__WHAT TO PRODUCE__:
Below is a listing to copy exactly; no image goes into the copy.

__DATA SHOWN__:

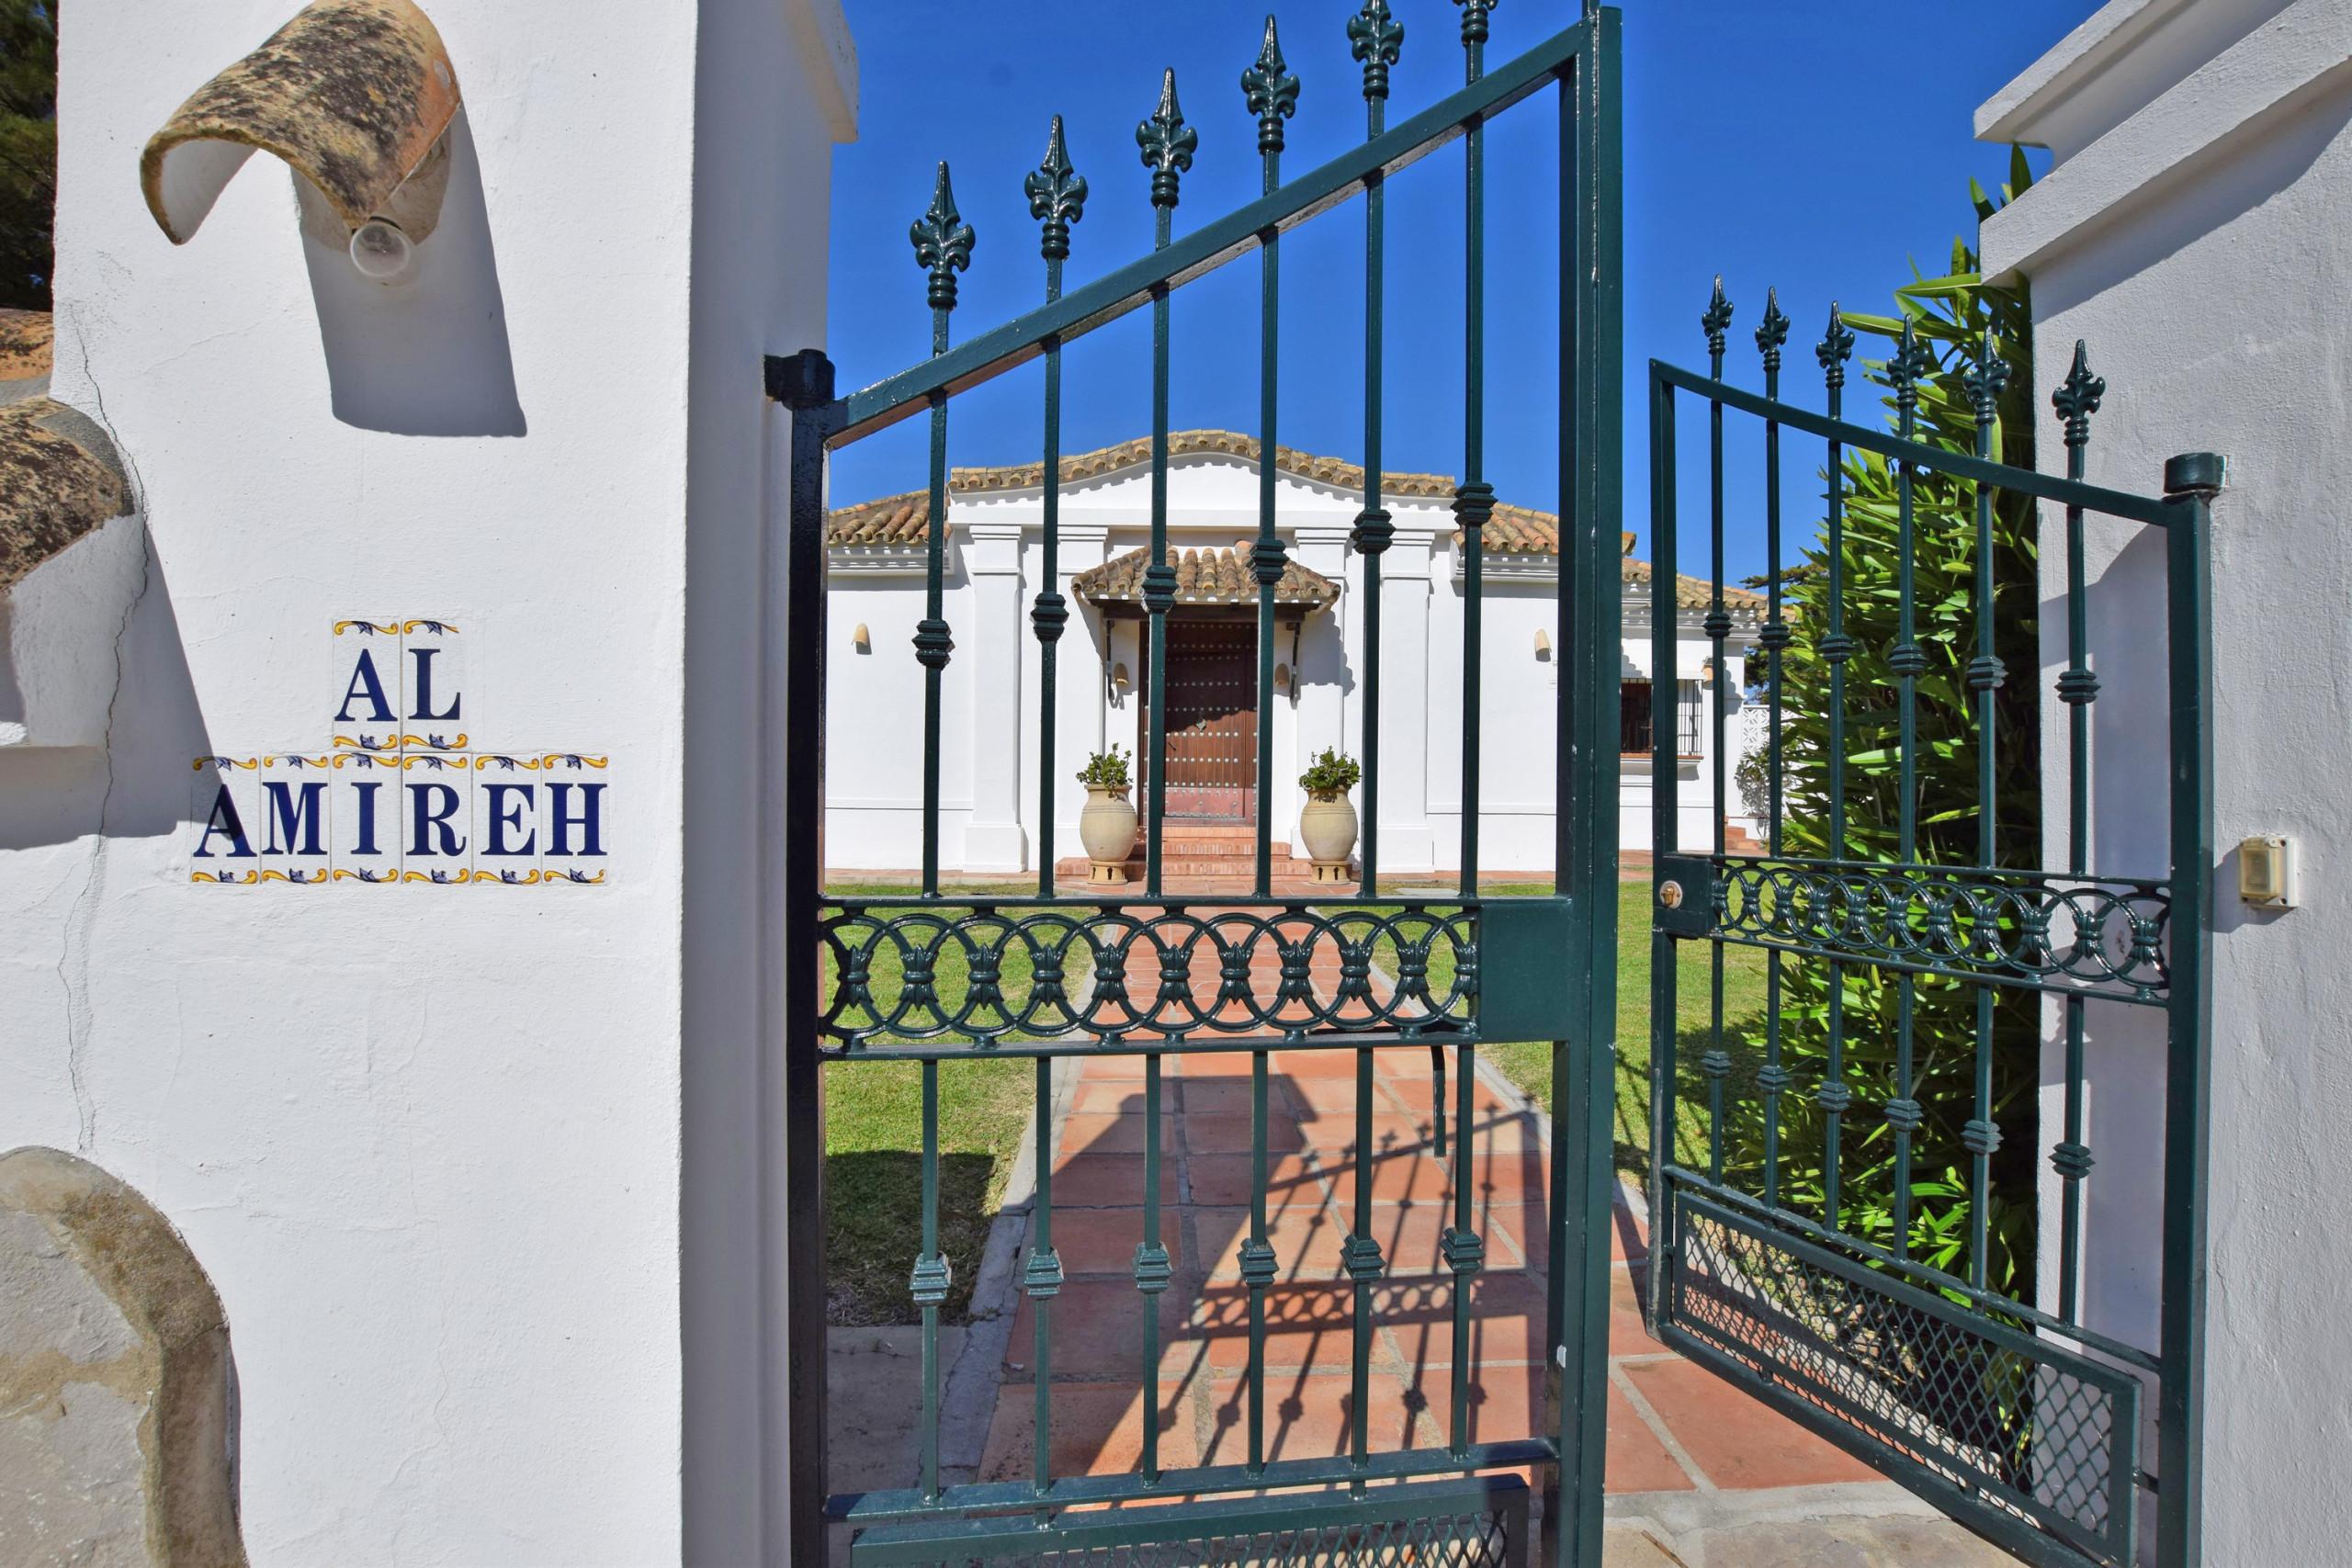 Al Amireh - Acceso a Villa
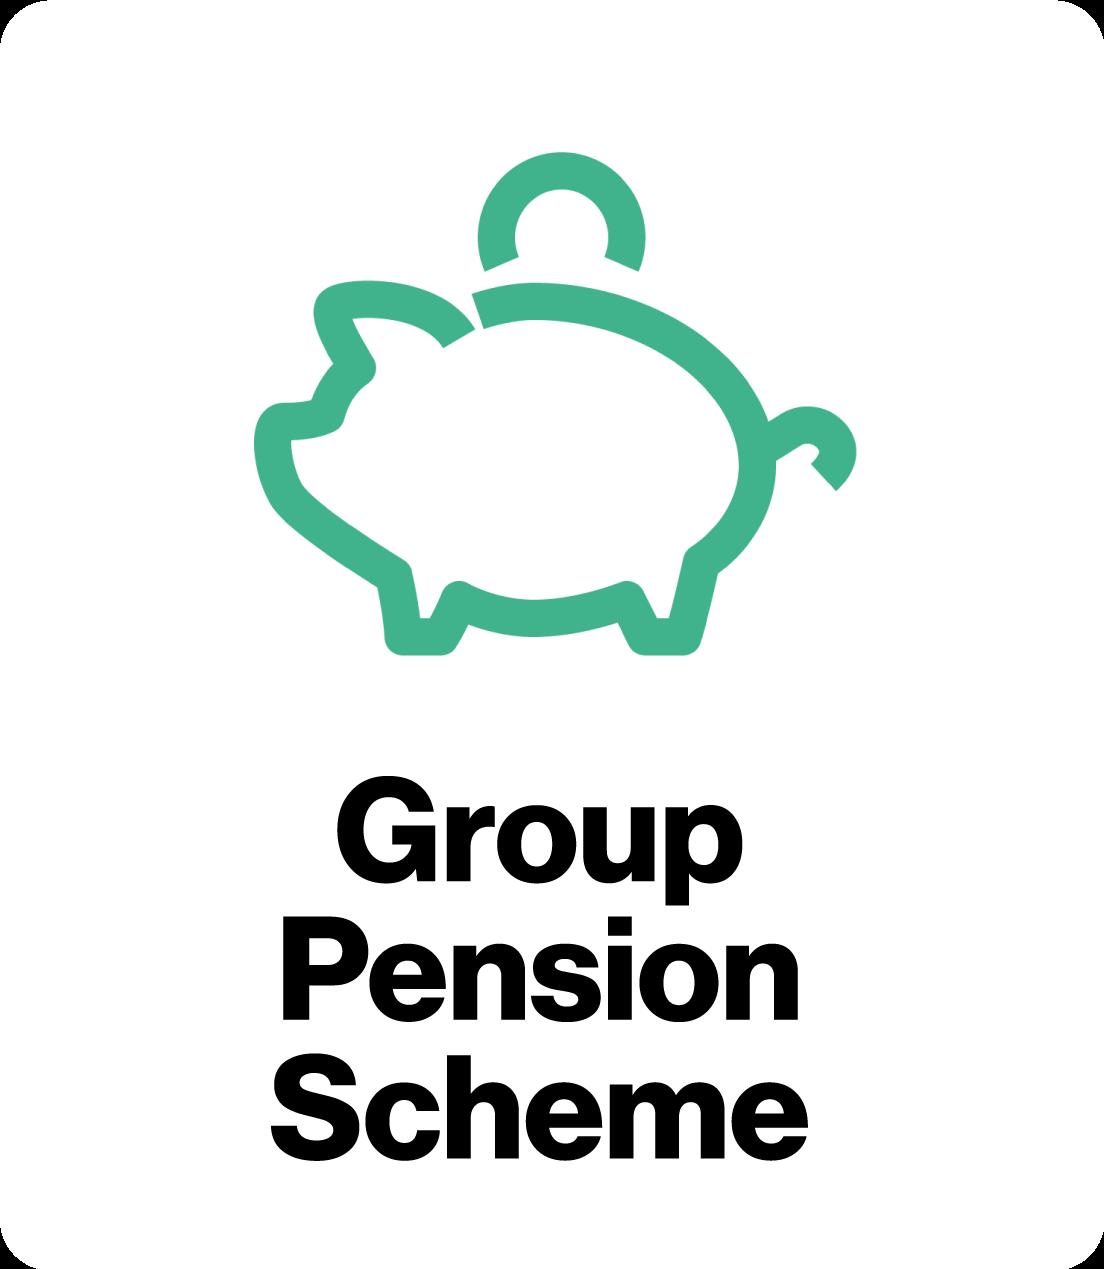 Group Pension Scheme
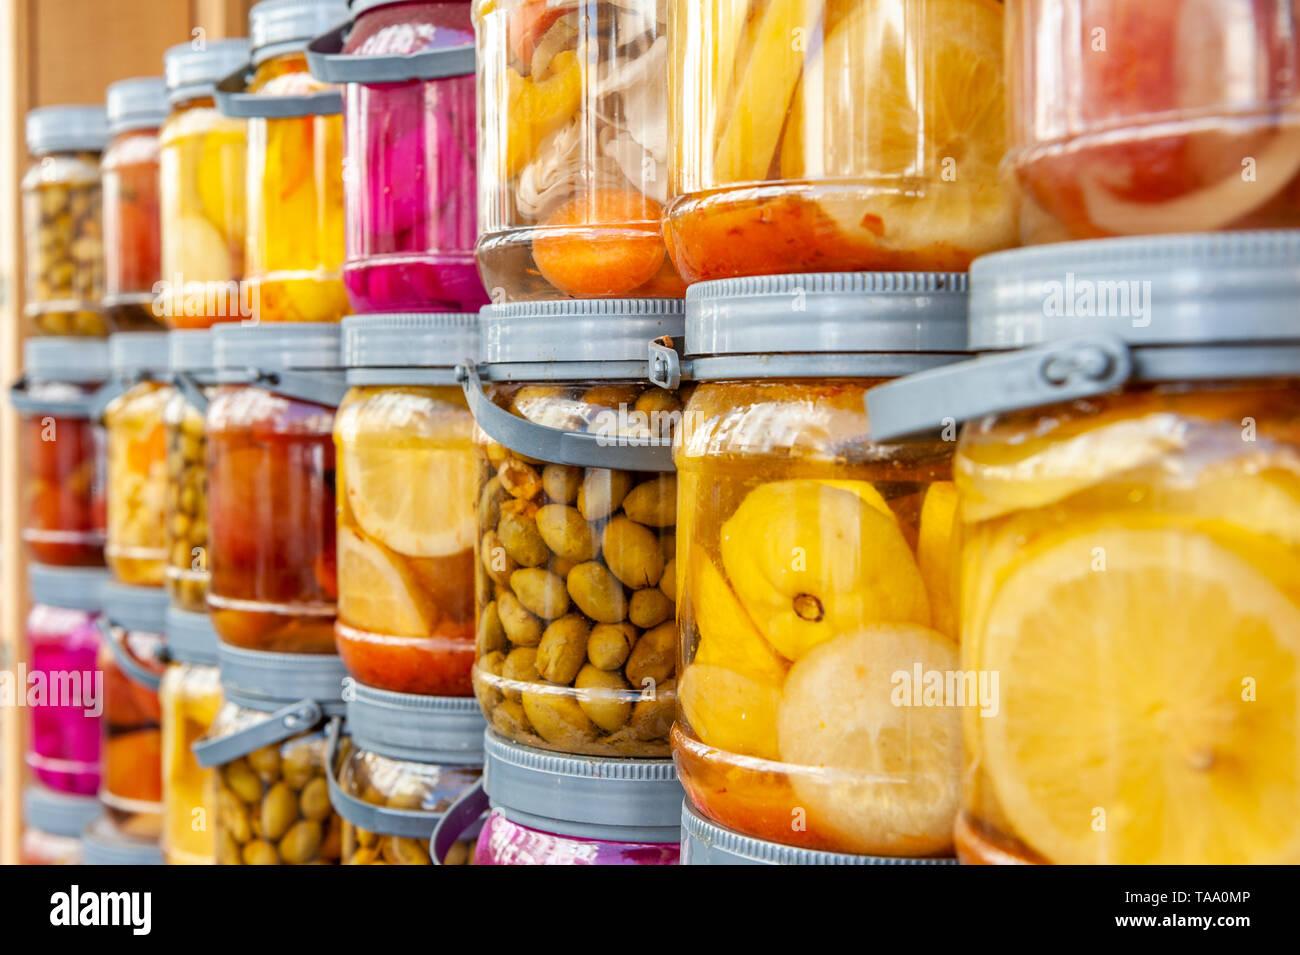 Israel, Tel Aviv-Yafo - 17 May 2019: Shuk levinsky market: preserves, Tel Aviv, Israel - Stock Image

__EXERCISE OUTPUT__:
 Al Amireh - Acceso a Villa
 Group Pension Scheme
 Israel, Tel Aviv-Yafo - 17 May 2019: Shuk levinsky market: preserves, Tel Aviv, Israel - Stock Image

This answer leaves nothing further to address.